Thursday, May 08, 2008

Does An Admission Equal Guilt?

I may never eat at Tim Hortons again.

Overreacting? Being melodramatic? I don't know. What I do know is, I would have been fired many times over if the places I'd worked over the years were as anal as a Tim Hortons in London, Ontario.

Before I get to the details, think yourself, as a customer. How many times have you been given a free sample of something in a store where you're a regular customer? I can't get away from these people at the mall, wanting me to try lotions and perfumes, and I don't even shop there regularly. I actually grumble about it at Costco, because they take up so much space at the ends of aisles with those tables, and there's always congestion there.

And those are just two examples from last weekend. If I was to create a list of places I've been given a free sample, this would be twice as long as a usual post, and you'd be here half the day.

What's the point?

A single London mother of four is out of her Tim Hortons job, fired for giving away one of the 16-cent blobs of fried dough to a tot who came in with a regular customer. "I have been fired for giving a baby a Timbit," Nicole Lilliman, 27, said yesterday.


A Timbit. costs 16 cents. You know, when I worked at Gravenhurst Bakery, they used to give samples away, and the owner would throw in extras for regular customers. They understood something about customer loyalty. Heck, they always gave staff courtesy stuff - they were very generous, and I loved working for them. I stayed until the owners sold the business.

Same goes for many other places I've worked. This is a strategy writers have been adopting and modifying - free short stories online, free downloads, free samples of work so that people know the product. Neil Gaiman shows us how it's done After making his latest available for free download online, he reported:

68,000 unique visitors to the book pages of American Gods

3,000,000 book pages viewed in aggregate

And that the weekly book sales of American Gods have apparently gone up by 300%, rather than tumbling into the abyss. (Which is -- the rise, not the tumble -- what I thought would happen. Or at least, what I devoutly hoped would happen.)

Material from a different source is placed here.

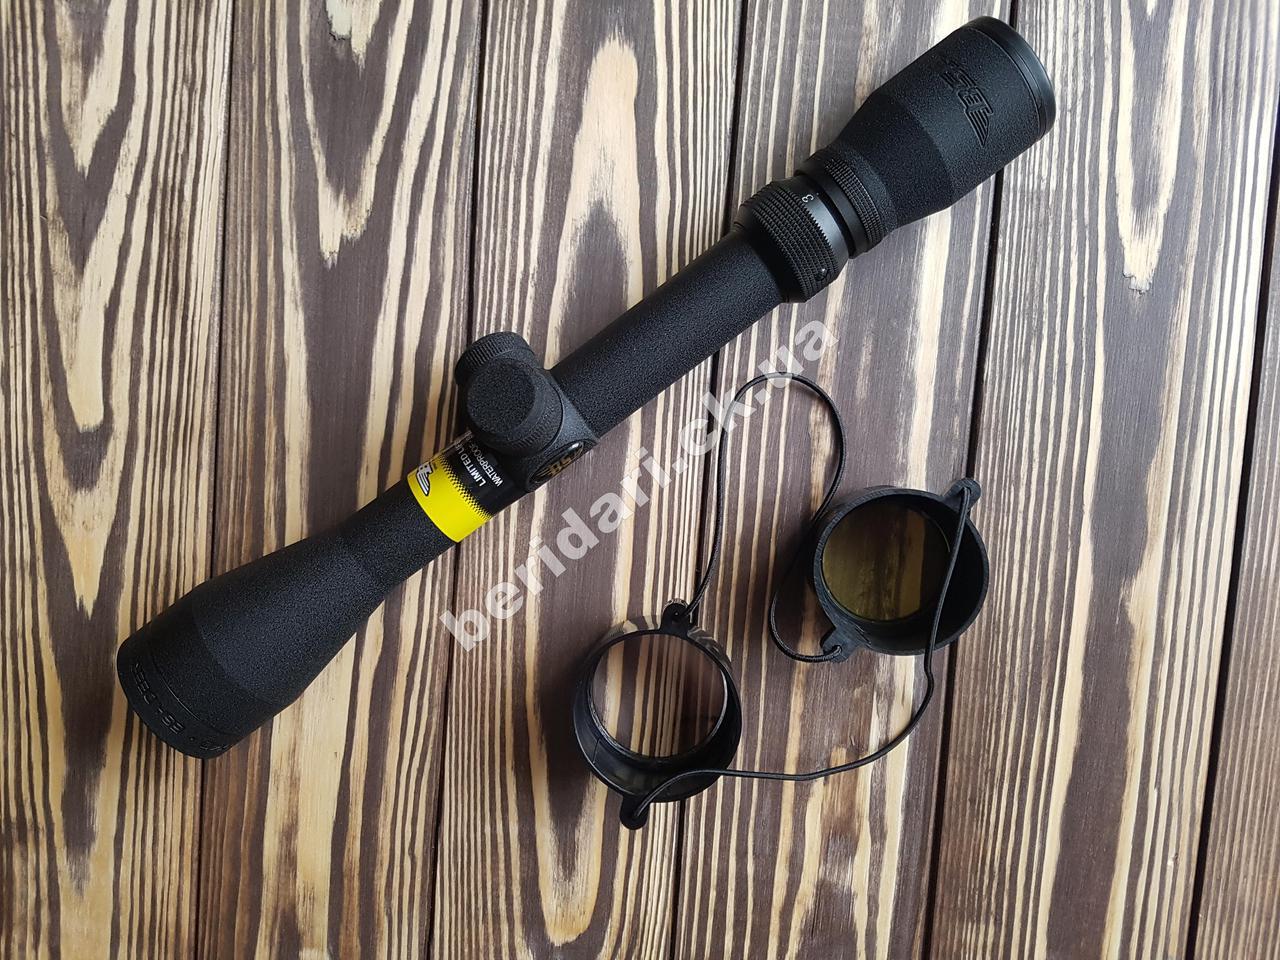 Оптический прицел BSA 3-9x40,просветленные линзы

What really gets me about this Tim Hortons story is, this was a regular customer, and it was an act of kindness. I know that we have to make sure people don't abuse privileges. Sadly, we always have to think worst case scenario.

Giving food away free is against the rules, said Tim Hortons district manager Nicole Mitchell.

"Employees aren't allowed to give out free products and that's the bottom line," she said. "She gave out free product and it doesn't matter if it is a Timbit or a coffee or a doughnut or 10 sandwiches or what."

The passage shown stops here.